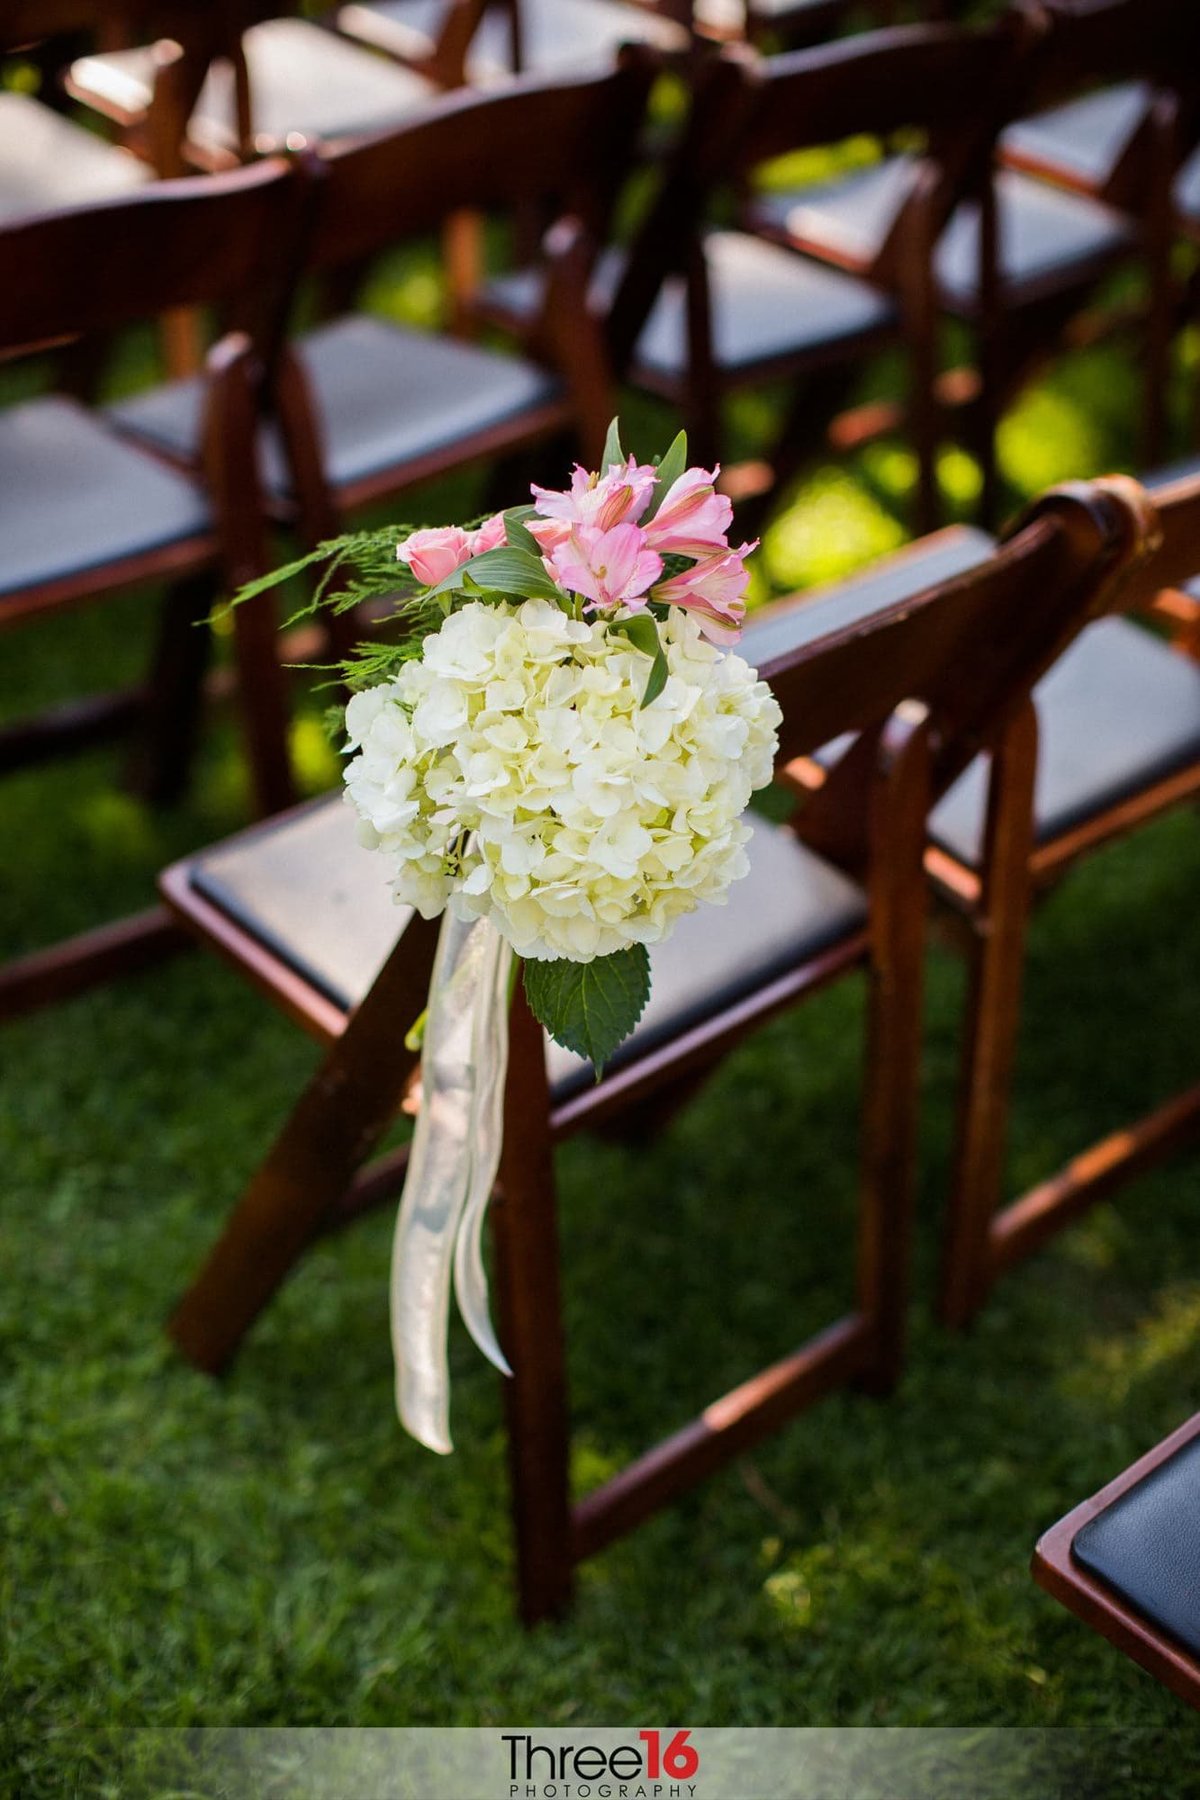 Chair with beautiful flowers  as a decor
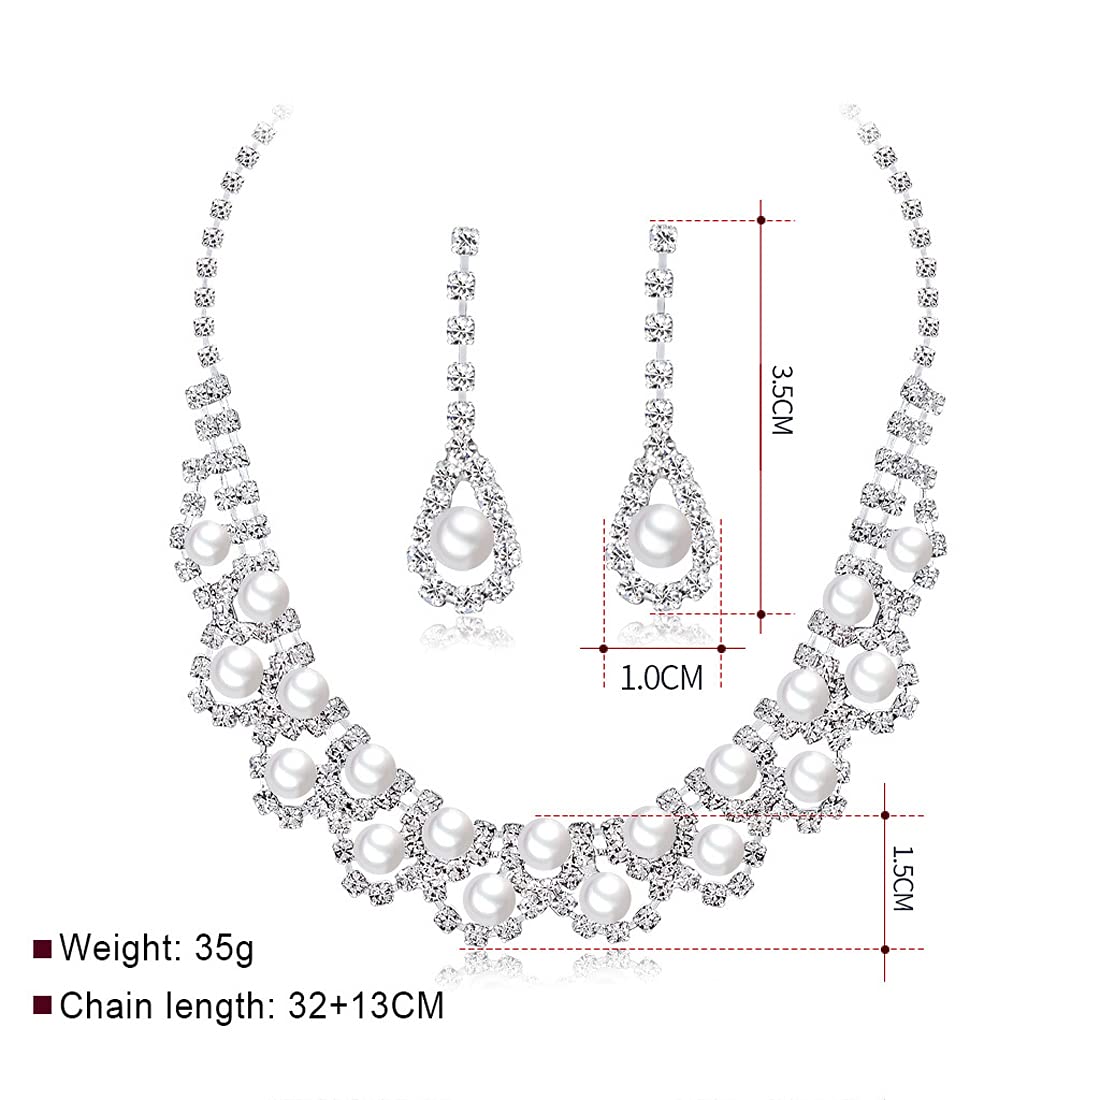 Yellow Chimes Elegant Latest Fashion A5 Grade Zircon Crystal Pearl Silver Choker Necklace Set for Women and Girls, White, Medium (Model: YCFJNS-361PRLCL-SL)
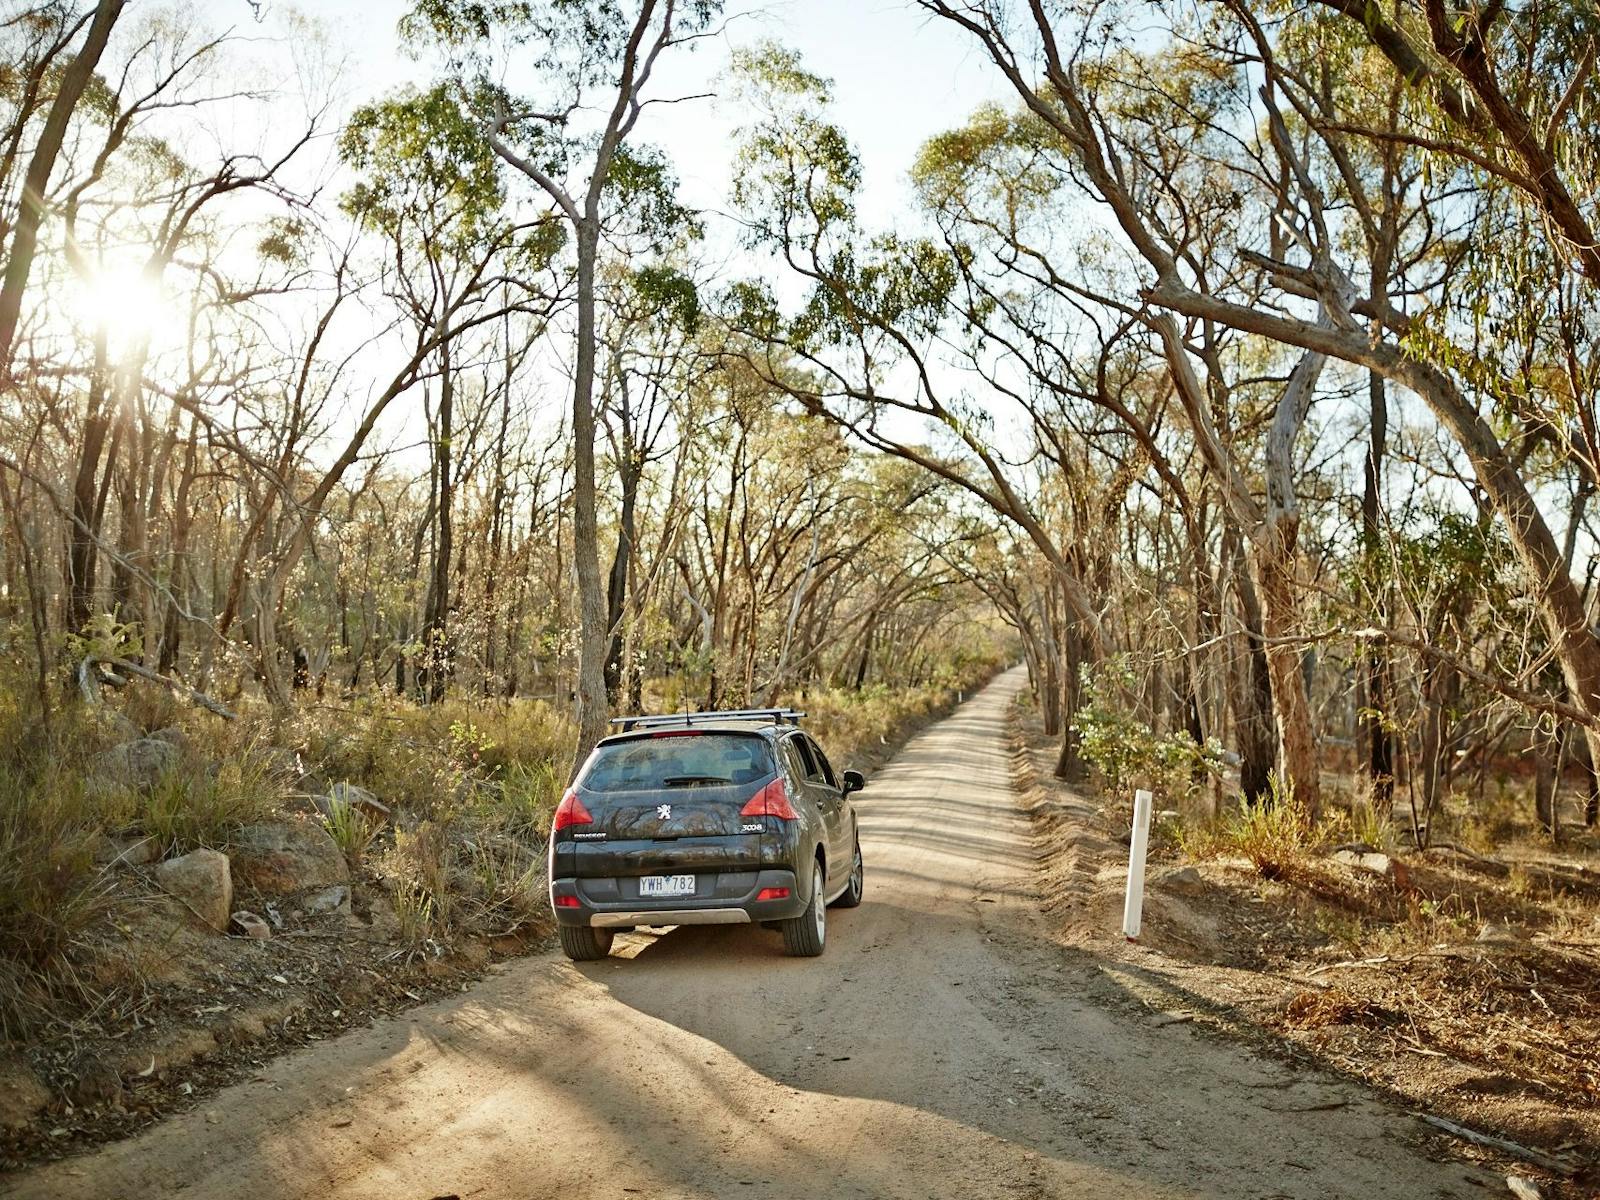 Car on dirt driving track, lined by trees, native grasses, rocks, sunny day.
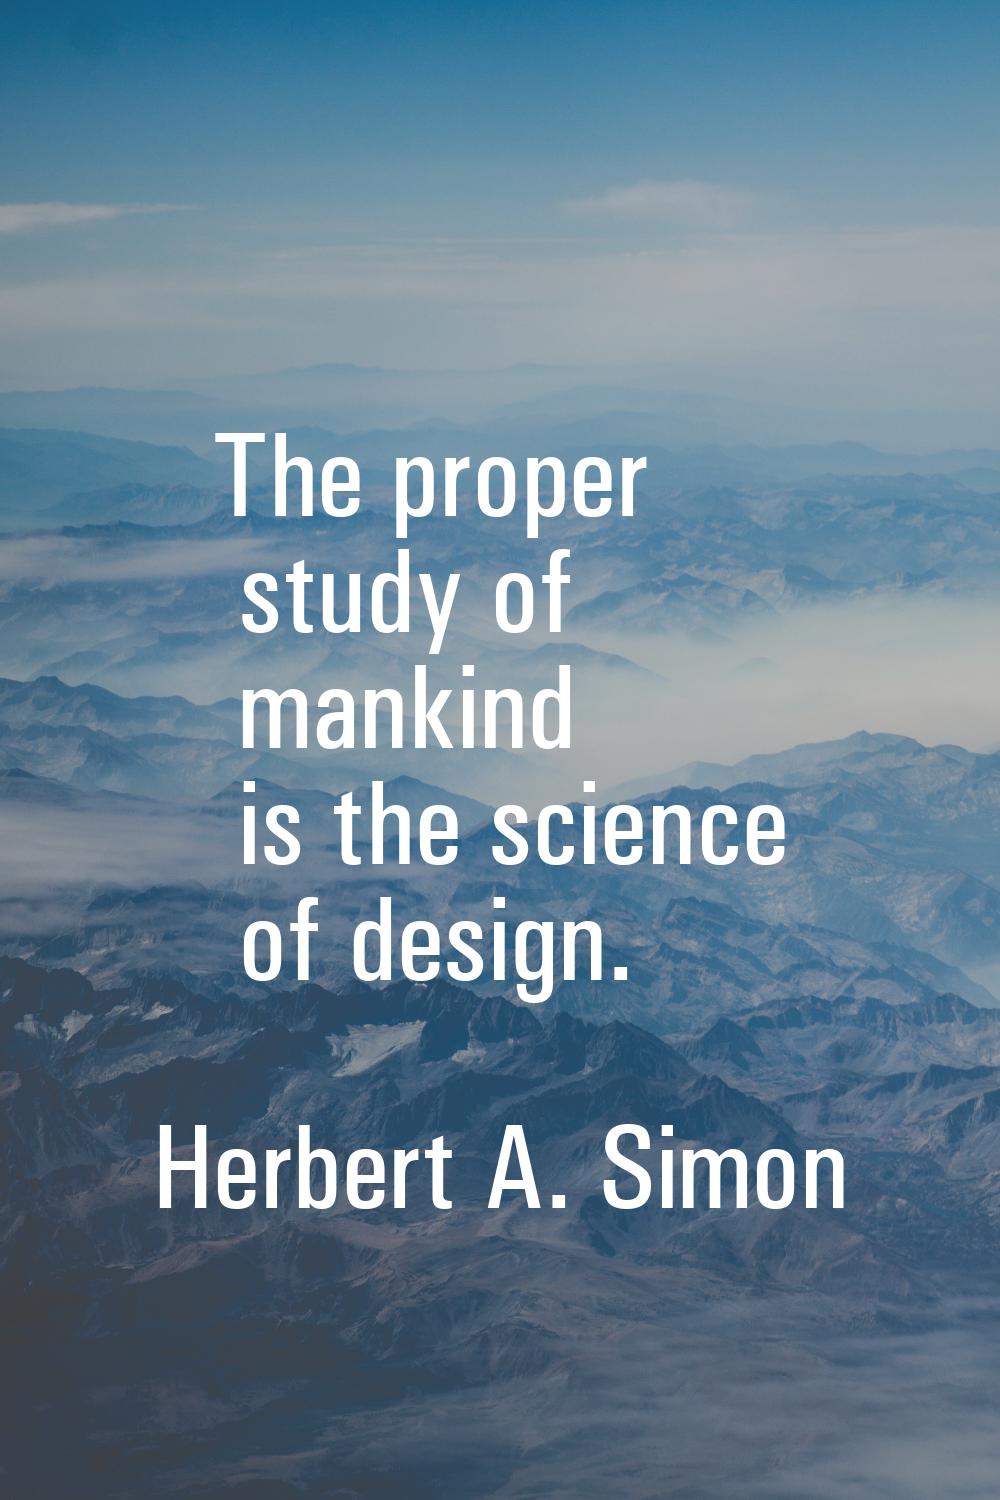 The proper study of mankind is the science of design.

==============================

> [Brief]
The answer is the listing above repeated verbatim, minus its images.

> [Expected output]
 Chair with beautiful flowers  as a decor
 Yellow Chimes Elegant Latest Fashion A5 Grade Zircon Crystal Pearl Silver Choker Necklace Set for Women and Girls, White, Medium (Model: YCFJNS-361PRLCL-SL)
 Car on dirt driving track, lined by trees, native grasses, rocks, sunny day.
 The proper study of mankind is the science of design.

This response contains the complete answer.